** Problem statement **
With the pictures omitted, repeat exactly the lines below starting with the line that has "Πρωτοσέλιδο του εντύπου" and going on through the line that has "Fruitvliegjes houden van".

** Given entries **

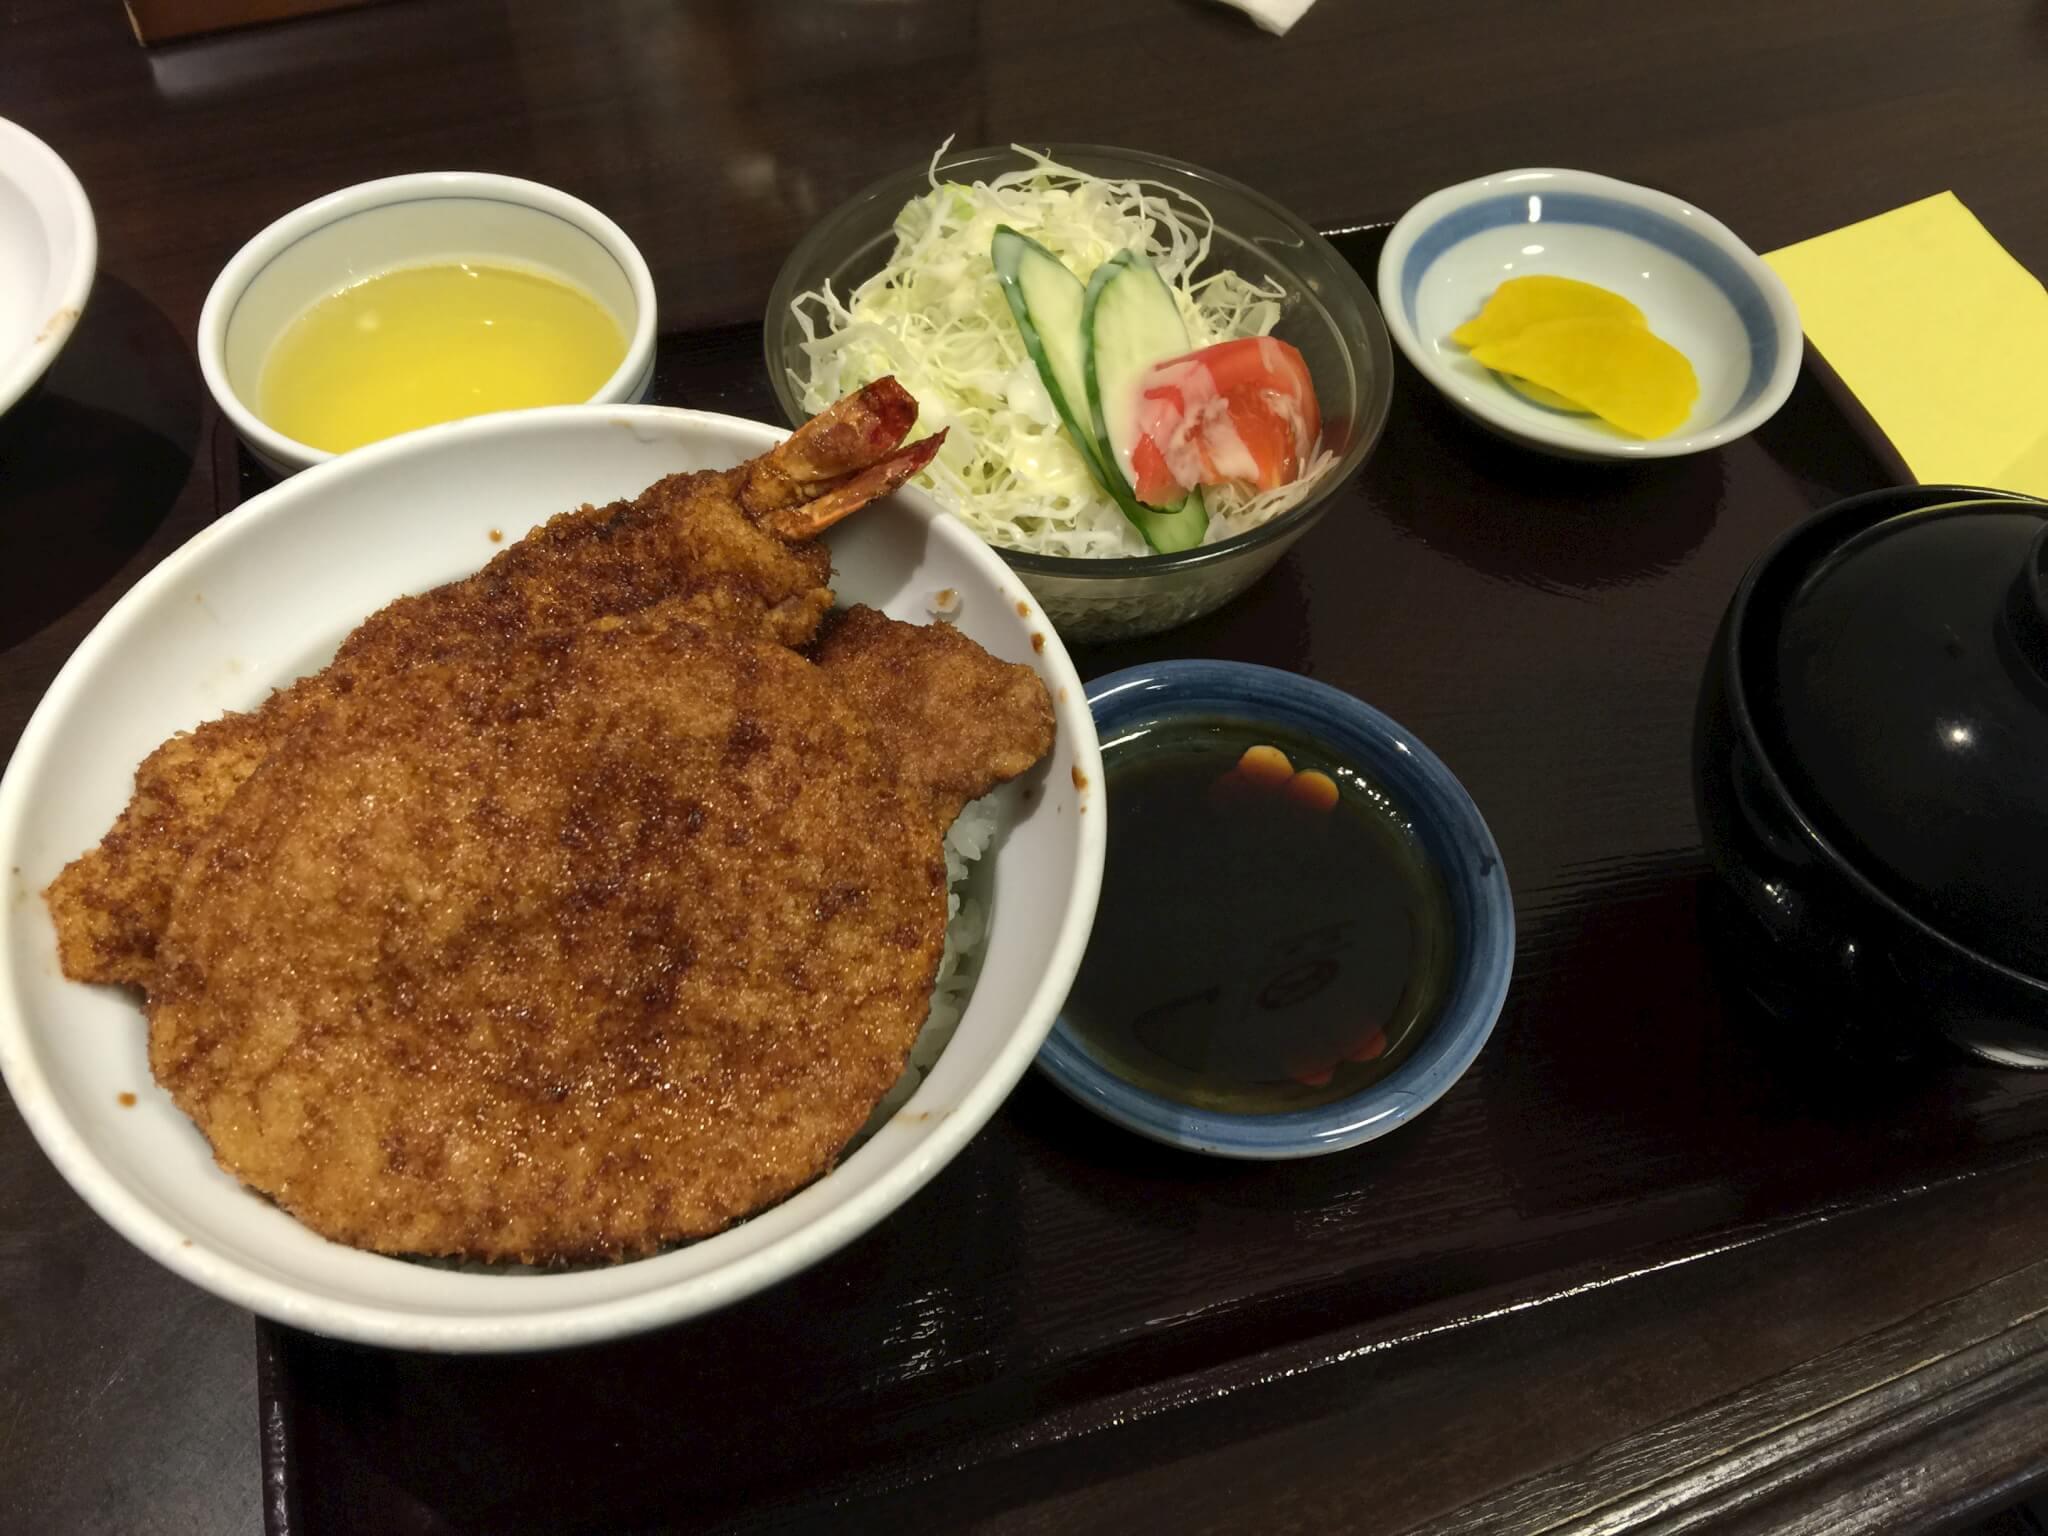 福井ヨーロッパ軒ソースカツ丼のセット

==

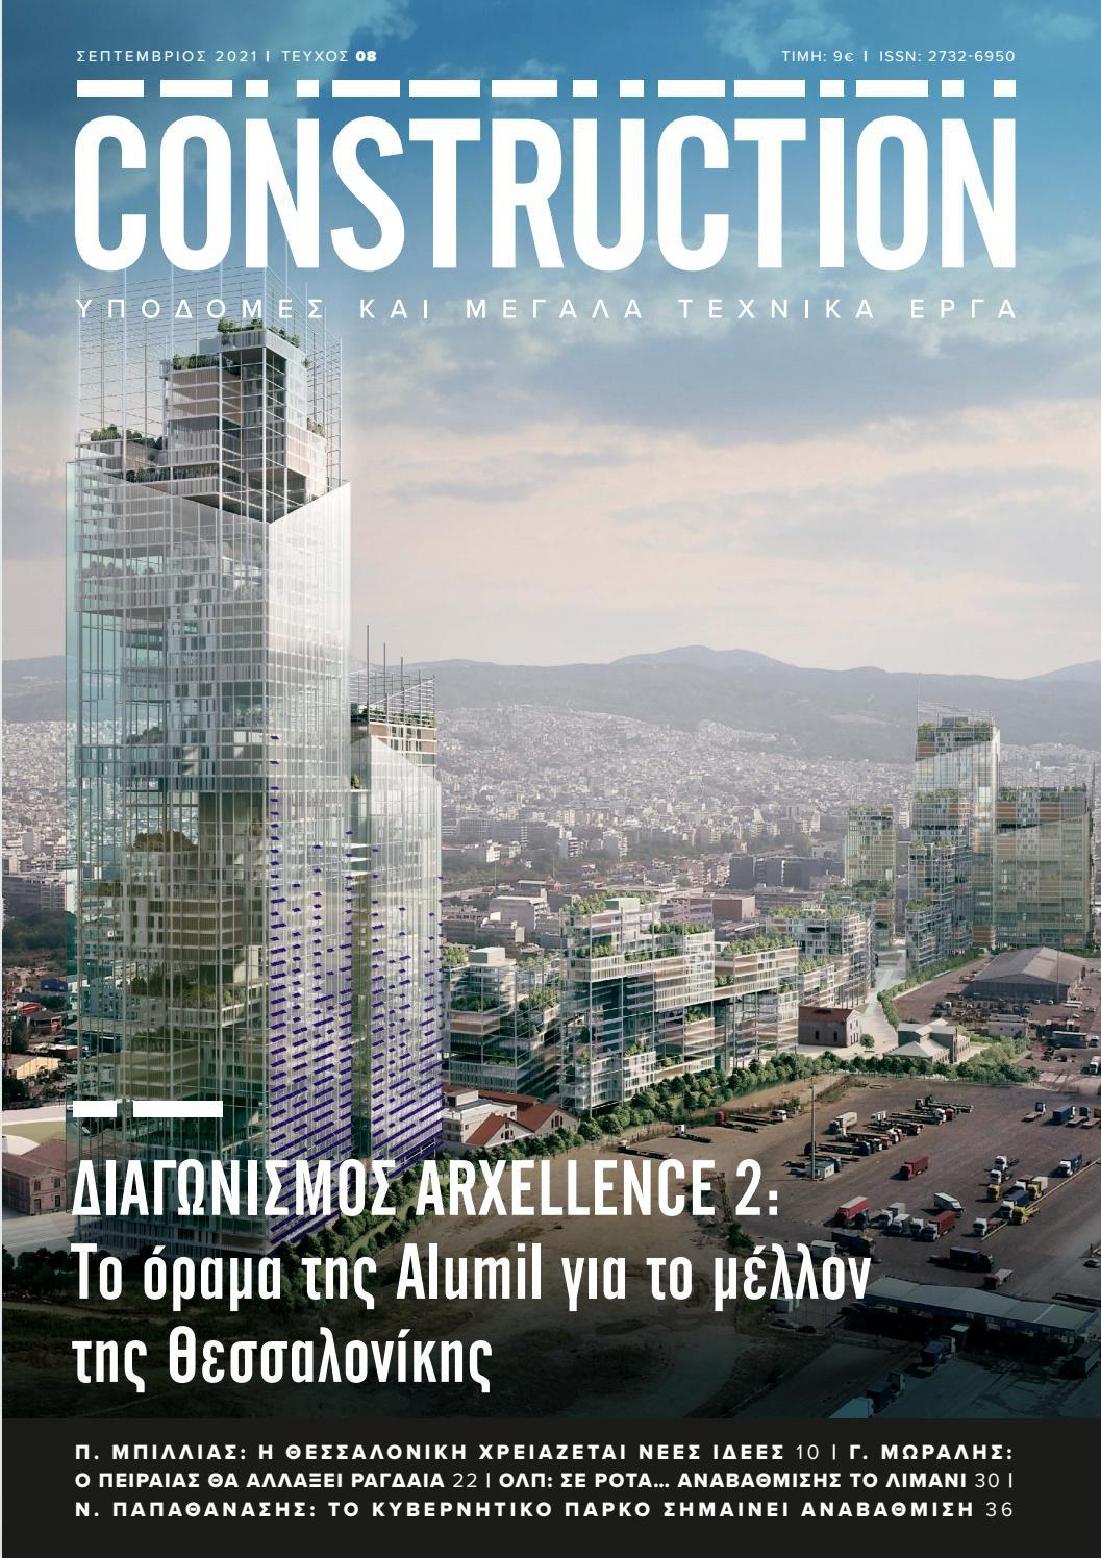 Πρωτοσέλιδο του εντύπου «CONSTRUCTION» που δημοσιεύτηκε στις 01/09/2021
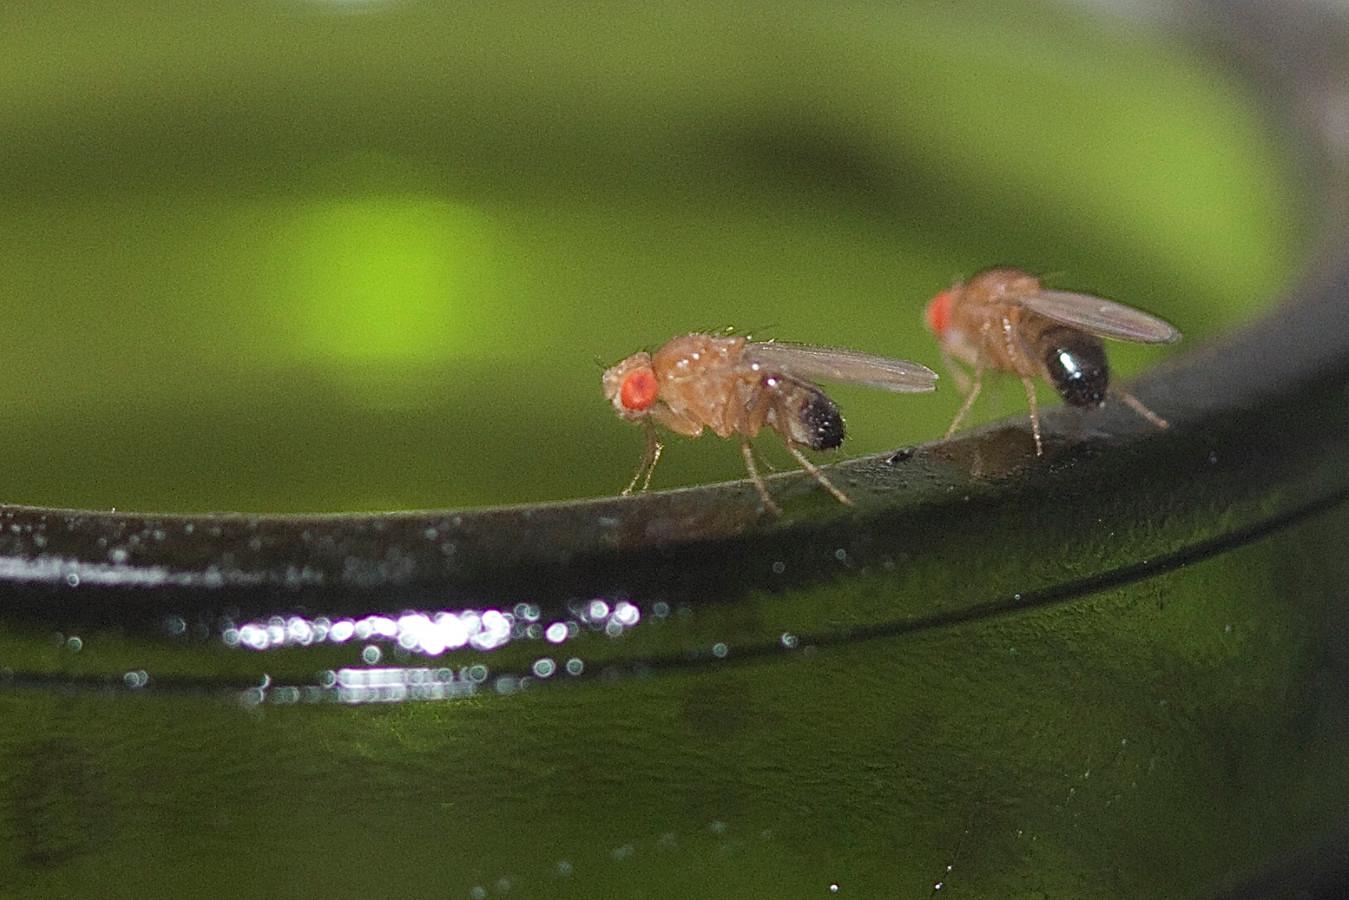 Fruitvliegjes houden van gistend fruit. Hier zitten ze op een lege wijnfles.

--

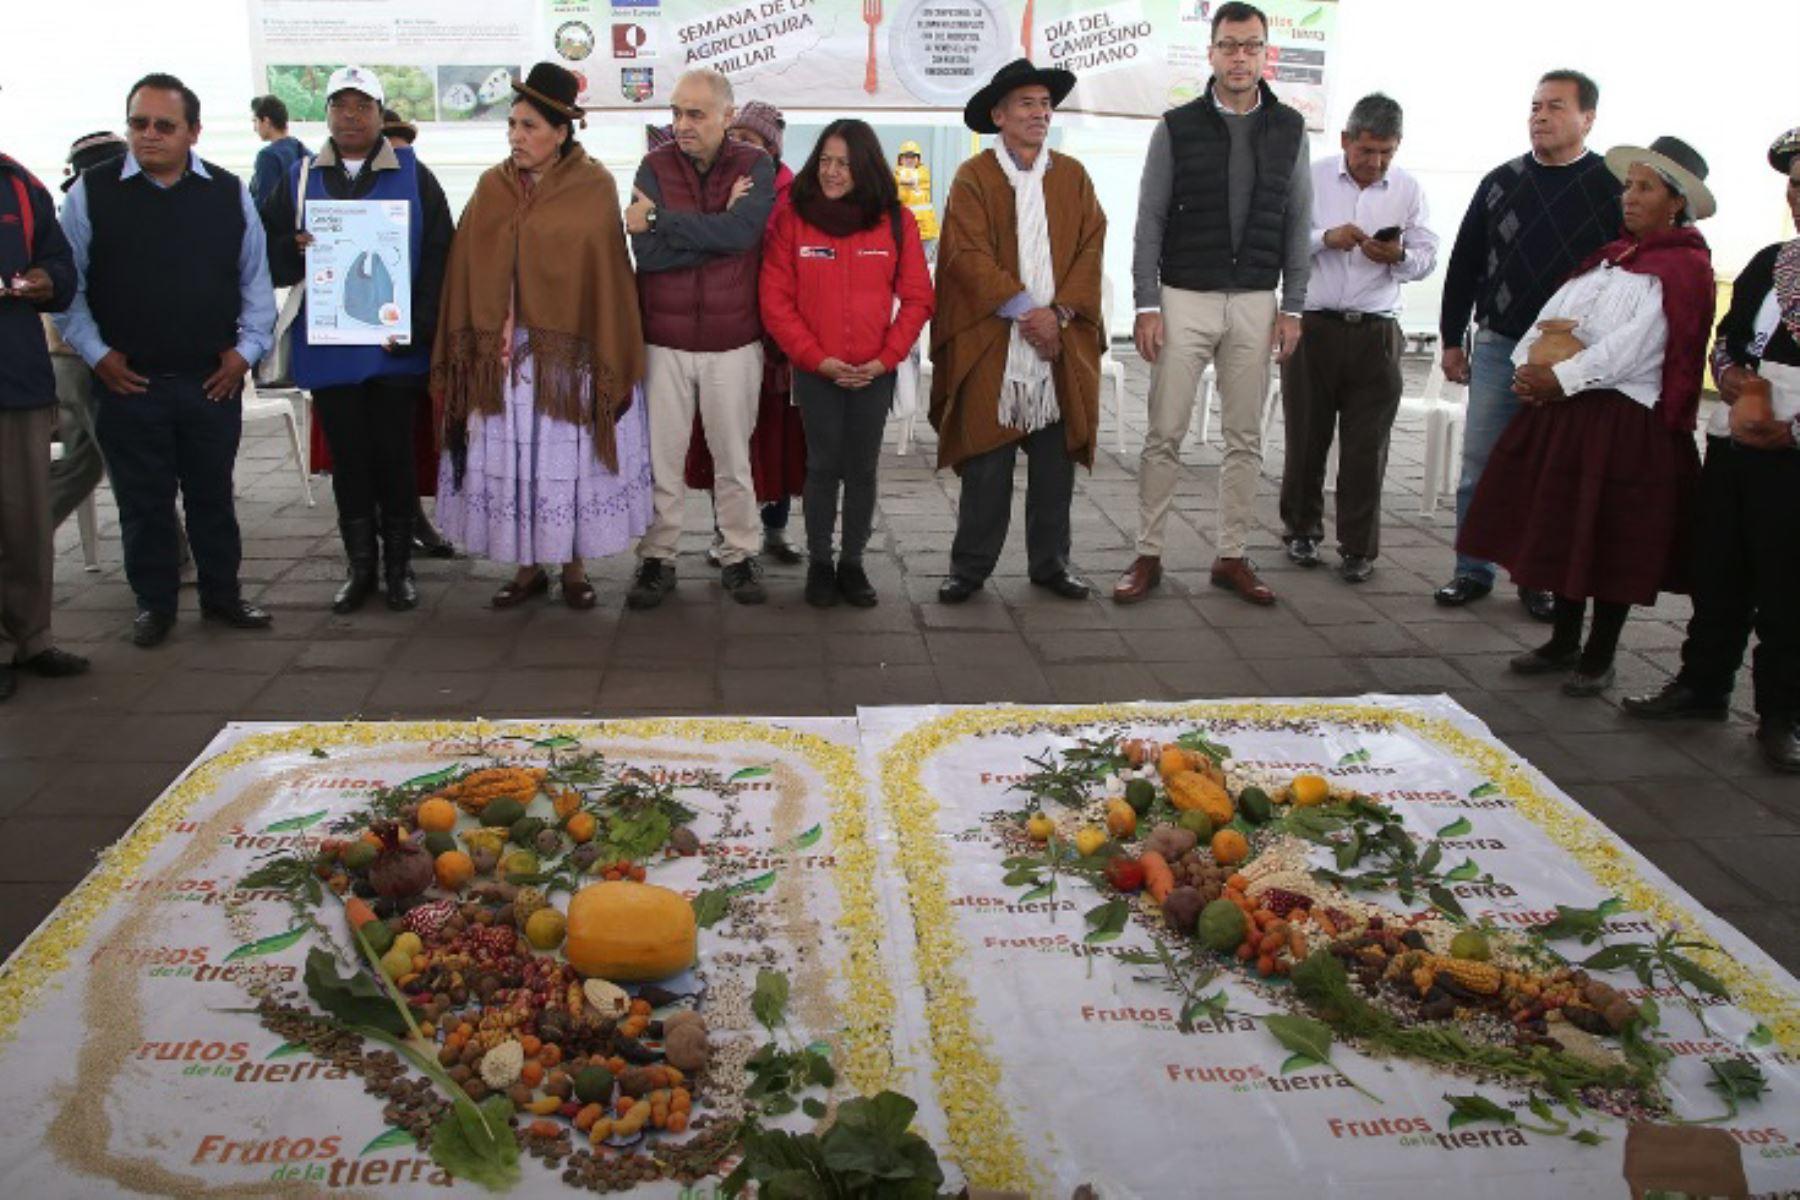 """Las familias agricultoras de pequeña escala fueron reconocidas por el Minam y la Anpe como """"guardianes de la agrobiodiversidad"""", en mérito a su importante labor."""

** Solution for this exercise **
 Πρωτοσέλιδο του εντύπου «CONSTRUCTION» που δημοσιεύτηκε στις 01/09/2021
 Fruitvliegjes houden van gistend fruit. Hier zitten ze op een lege wijnfles.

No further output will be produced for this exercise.